Areeta (Las Arenas in Spanish) is a neighbourhood of Getxo (Biscay, Basque Country, Spain). It is an affluent residential area that was built over the sands of a beach where the Gobela Creek died into a diffuse delta at the mouth of the Estuary of Bilbao in the early 20th century.

It is connected to Portugalete at the other side of the firth by the Vizcaya Bridge transporter bridge and offers a marina, a small beach that can unfortunately be polluted, and a monument to Evaristo Churruca, who planned and directed the channelization of the estuary.

The Vizcaya Bridge is now a tourist attraction, being the first bridge able to carry people and vehicles on a suspended gondola.

==Neighbourhoods==
It can be divided in three neighbourhoods:
- Central Areeta, around the Main Street, location of many shops, restaurants and bars.
- Santa Ana, a quiet residential area, named after the small church located in the eponymous plaza.
- Zugazarte, an area of more affluent homes along a road and park, looking to the sea and neighbouring Neguri.
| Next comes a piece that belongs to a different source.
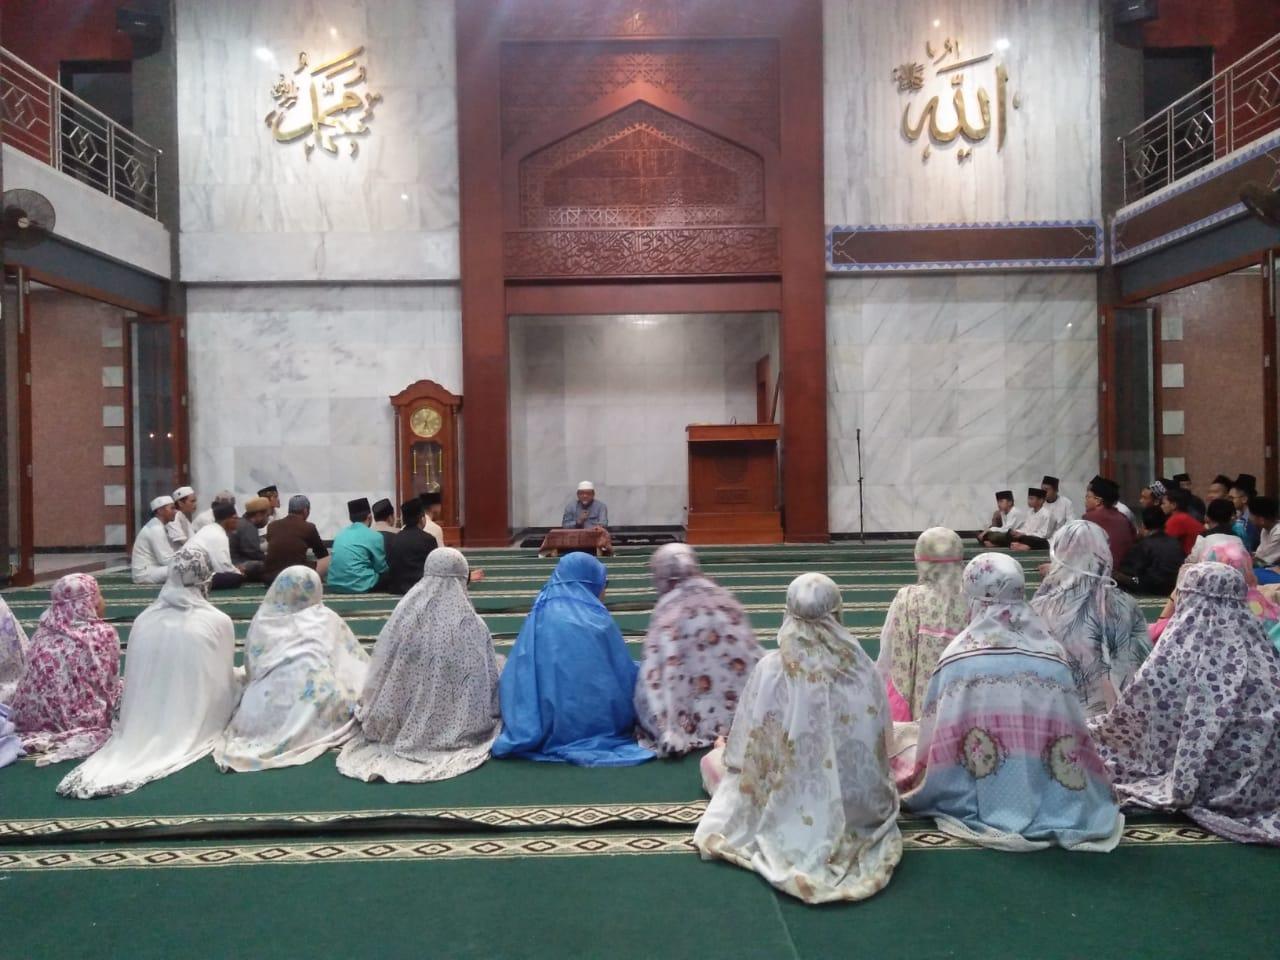 Kiai Enha Bertutur (2): Islam, Dari Rahim Menuju Rahmat
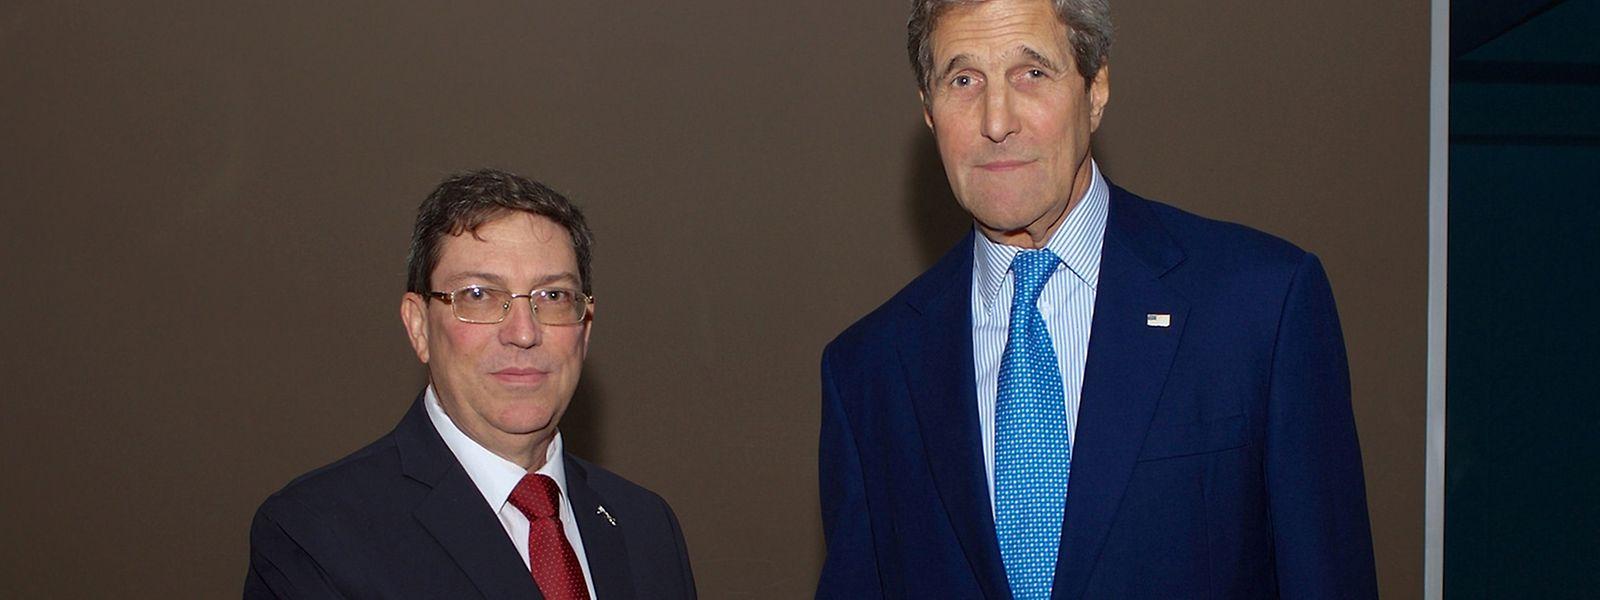 US-Aussenminister John Kerry (R) mit seinem kubanischen Amtskollegen Bruno Rodriguez im Vorfeld des Gipfels.

Sometimes the neighbouring district of Erromo is also included in Areeta, but this is surely a misuse, as Erromo was built for the working classes and was separated by the suburban railroad until it was recycled by the Bilbao Metro in its subway system and by the canalized Gobela creek.

==Public transport==
Public transport to and from the area is provided by the Bilbao Metro, with Areeta (Las Arenas) station in the centre of the area flanked by Lamiako (a mainly industrial district) and Gobela (a wealthy residential area), and BizkaiBus, whose yellow buses provide services throughout Biscay. The Barik card can be used on the metro, the bus system, and also to cross the Vizcaya Bridge. A small passenger ferry also operates across the river between Areeta and Portugalete.

==Places and buildings of interest==
Vizcaya Bridge was declared a UNESCO World Heritage Site in 2006 for being one of the most outstanding buildings made of iron during the Industrial Revolution. It was opened to the public in 1893 as the first mechanic bridge in the world, and it is still working at present.